| YOUR ASSIGNMENT |
Beginning with the line containing "Der Boho-Touch zieht" and ending with the line containing "Katie Corio", write out each line of the records below exactly; pictures and lines outside that range are left out.

| LISTED RECORDS |
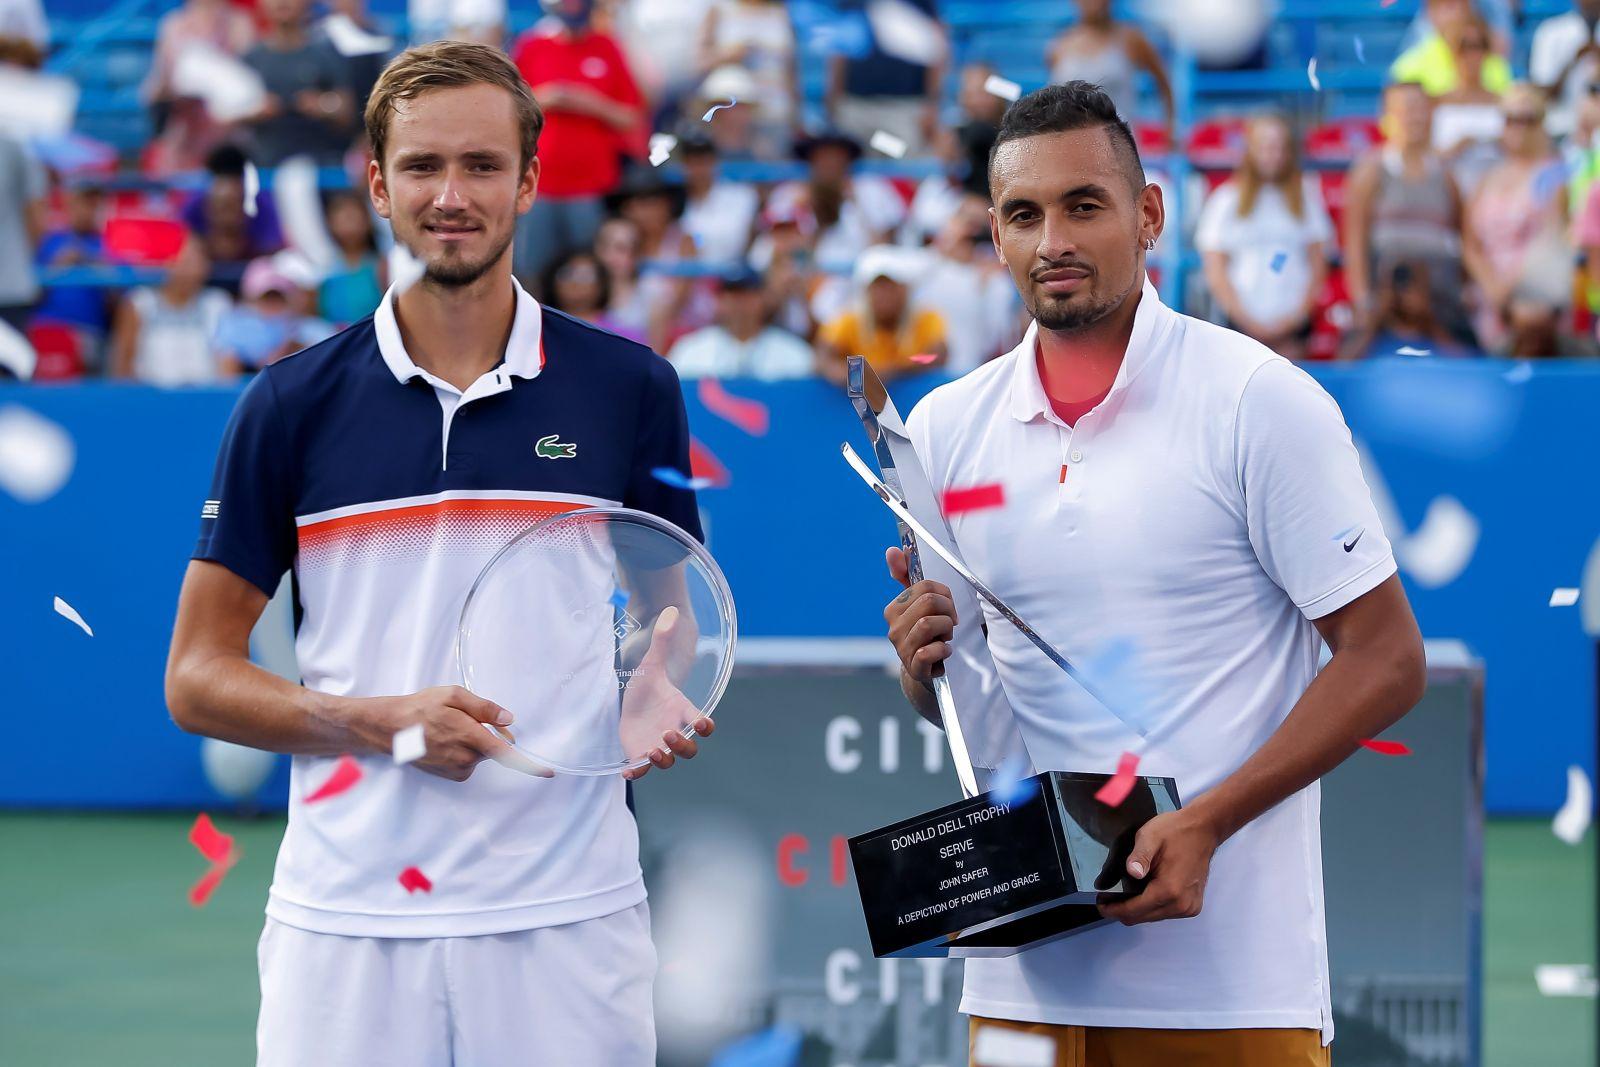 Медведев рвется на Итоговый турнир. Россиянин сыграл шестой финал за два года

...

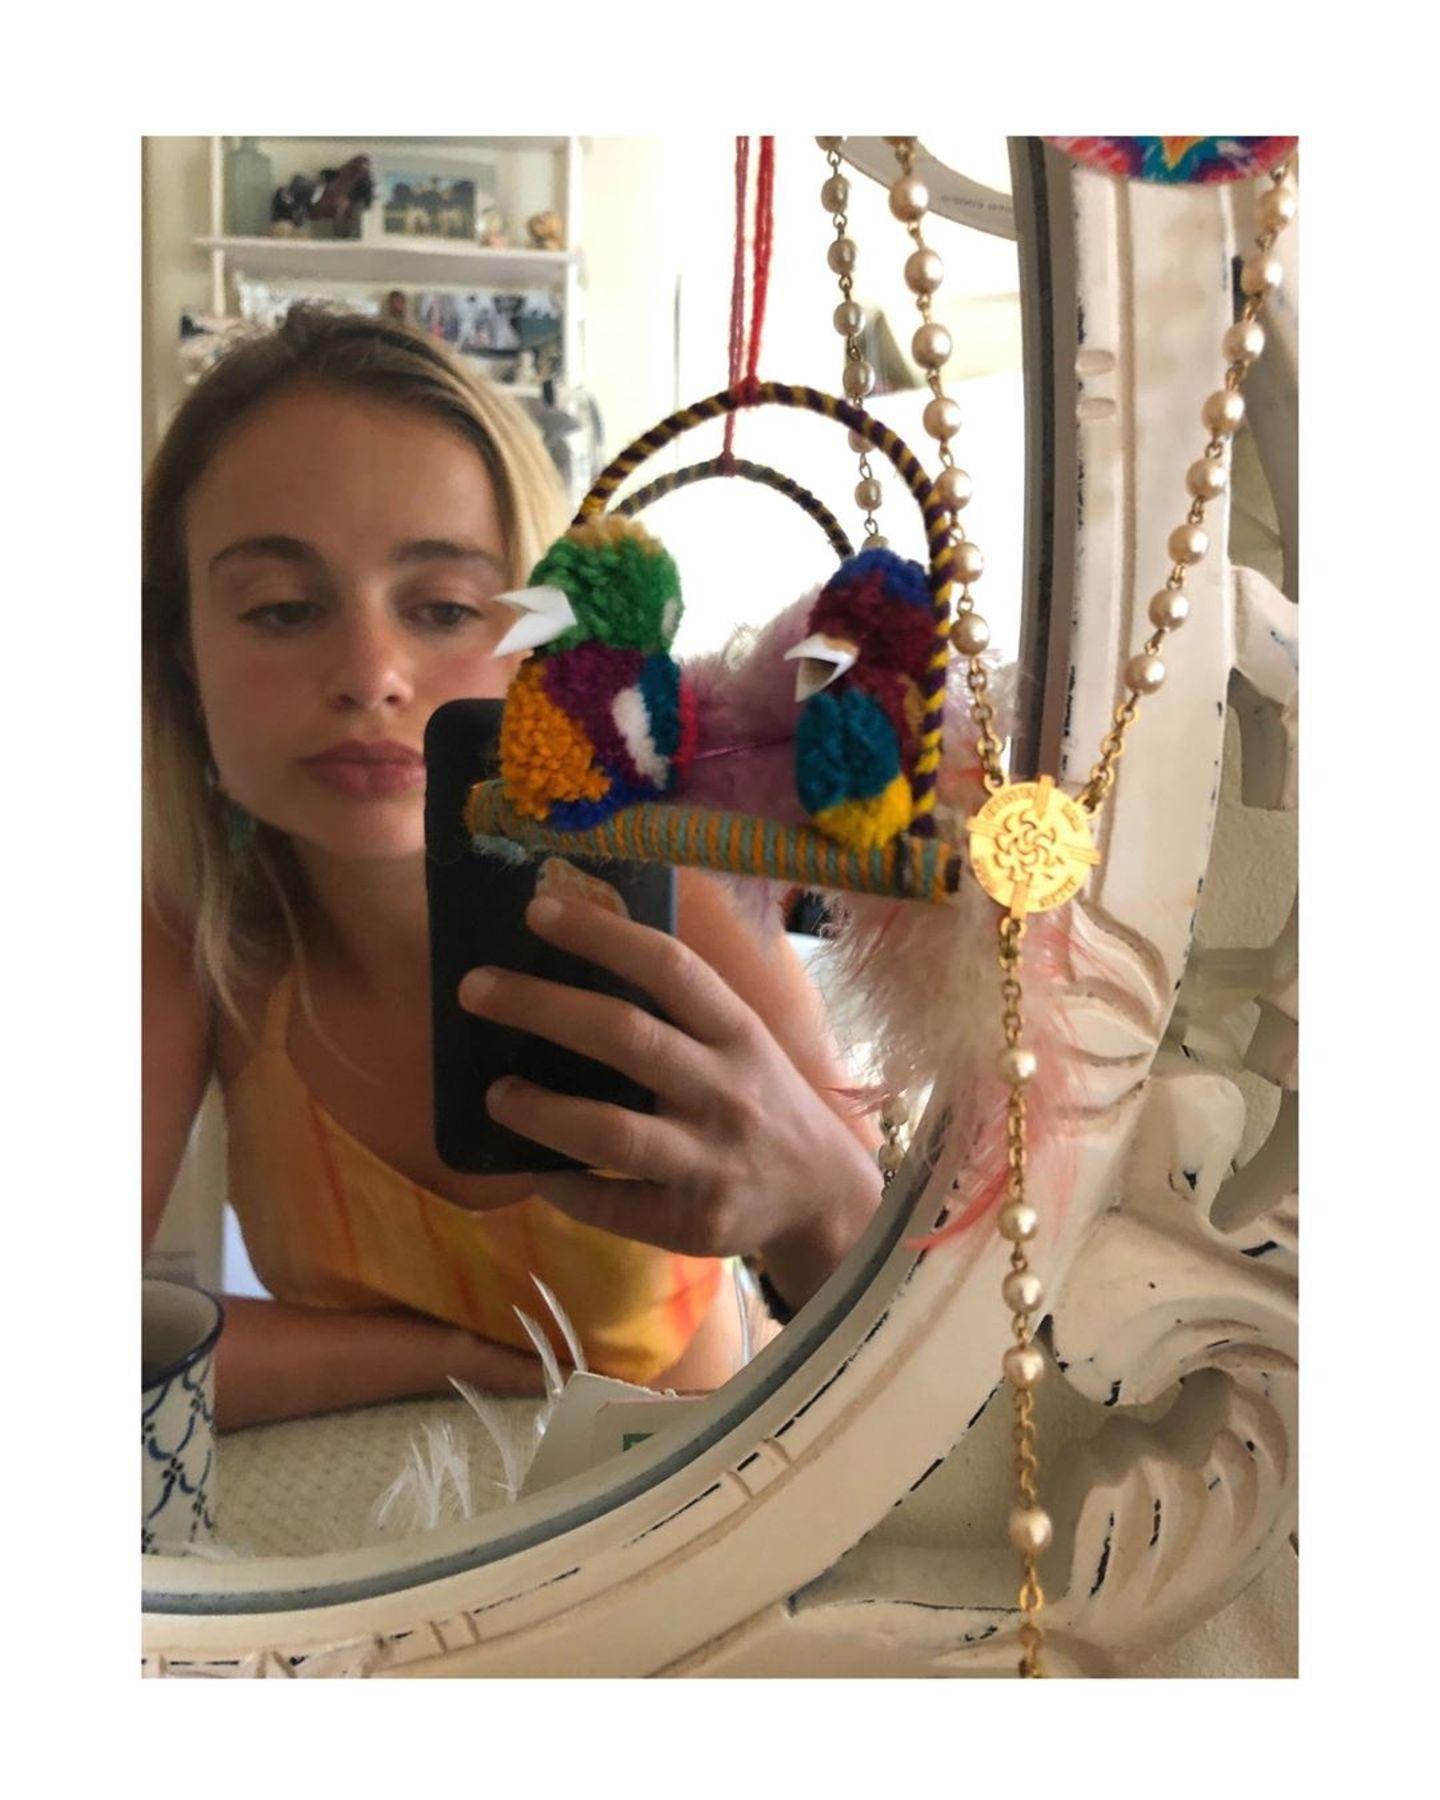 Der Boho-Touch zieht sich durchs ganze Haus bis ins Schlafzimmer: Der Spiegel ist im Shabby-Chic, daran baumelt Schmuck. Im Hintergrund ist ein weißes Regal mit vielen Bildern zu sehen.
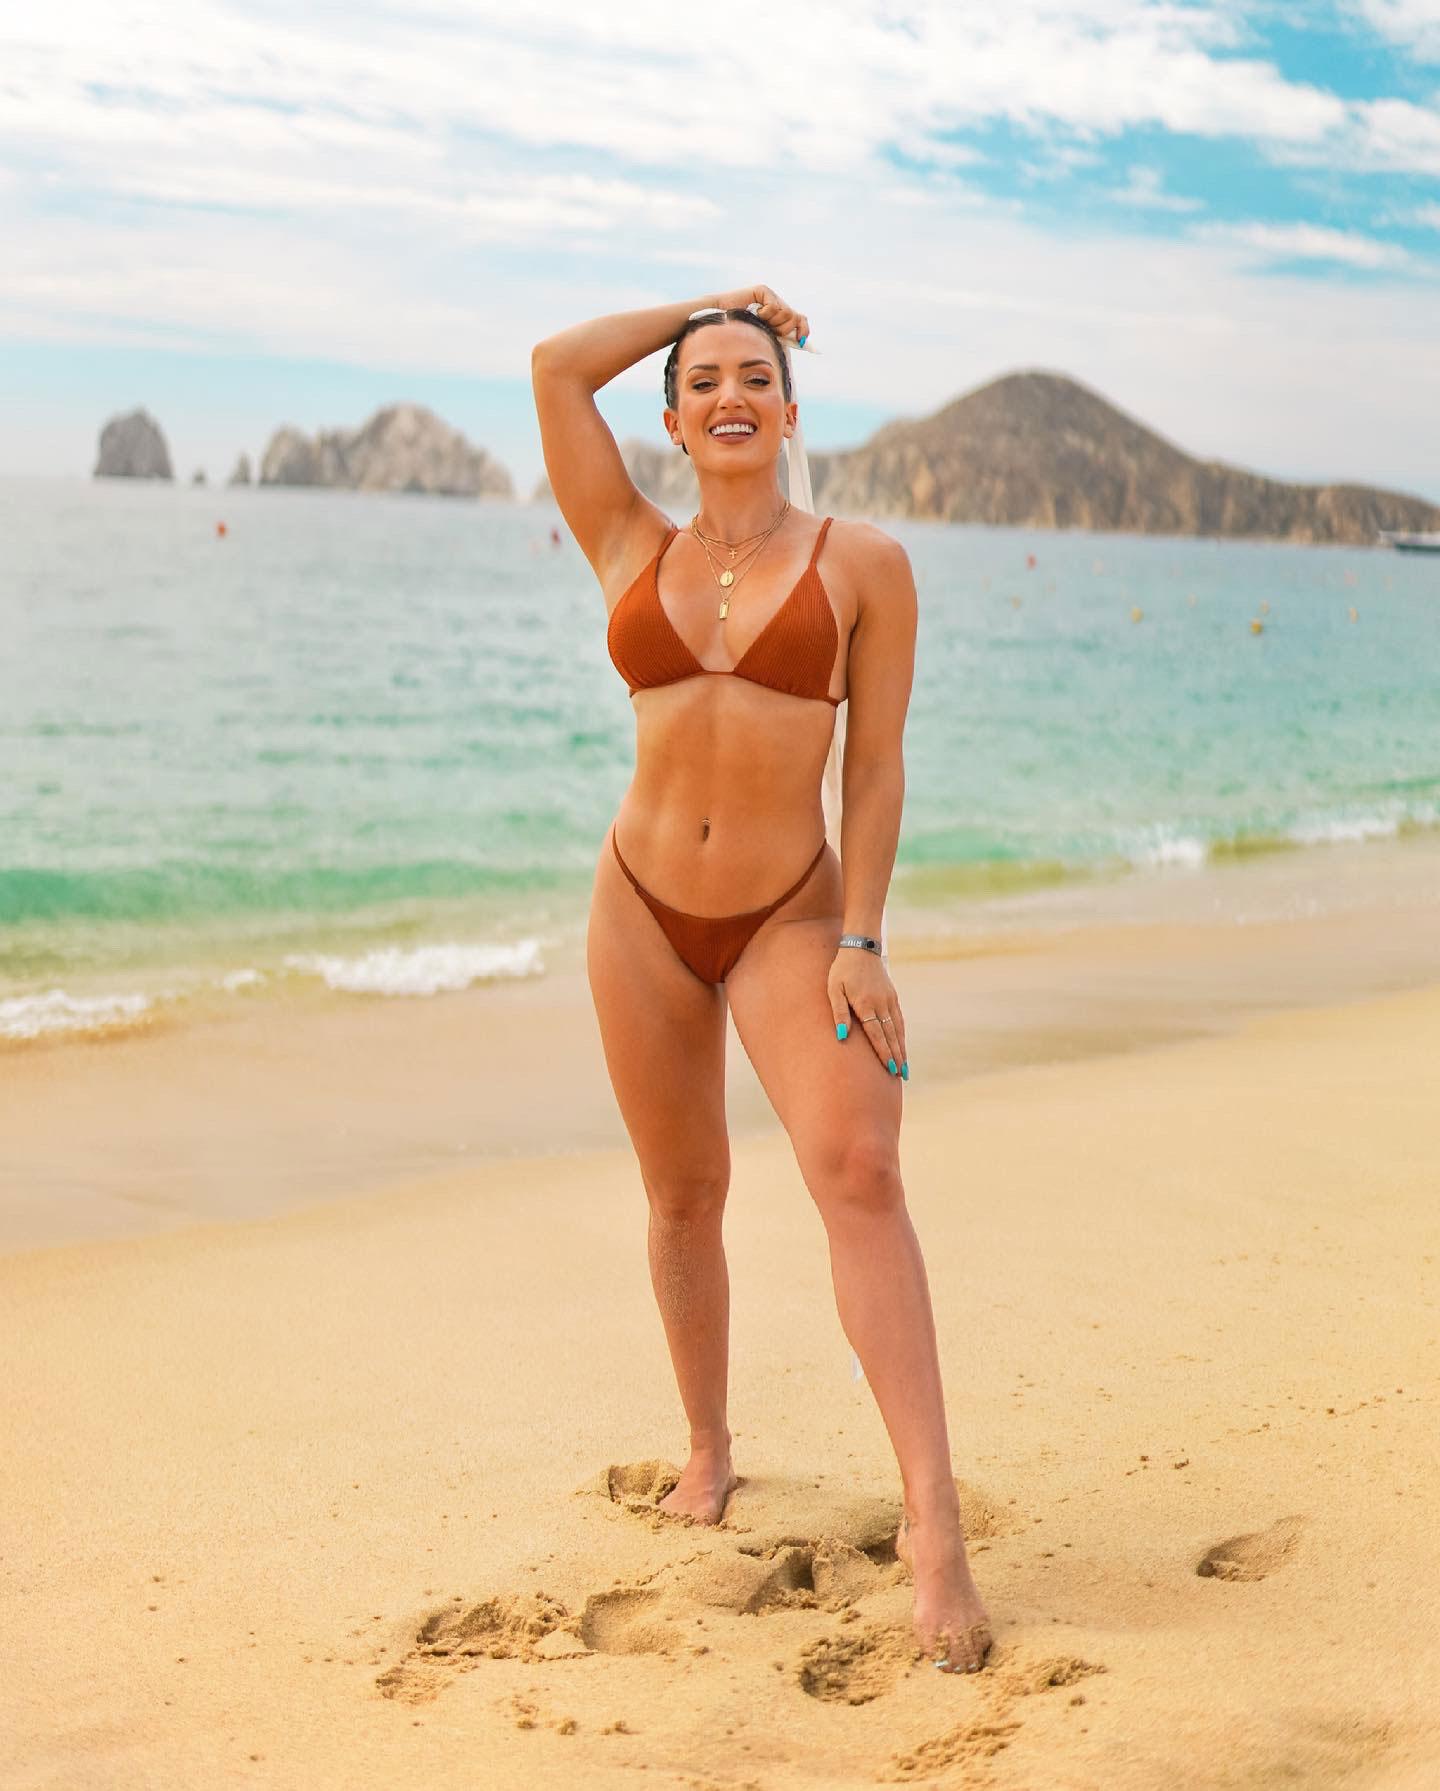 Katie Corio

| RESPONSE AREA |
 Der Boho-Touch zieht sich durchs ganze Haus bis ins Schlafzimmer: Der Spiegel ist im Shabby-Chic, daran baumelt Schmuck. Im Hintergrund ist ein weißes Regal mit vielen Bildern zu sehen.
 Katie Corio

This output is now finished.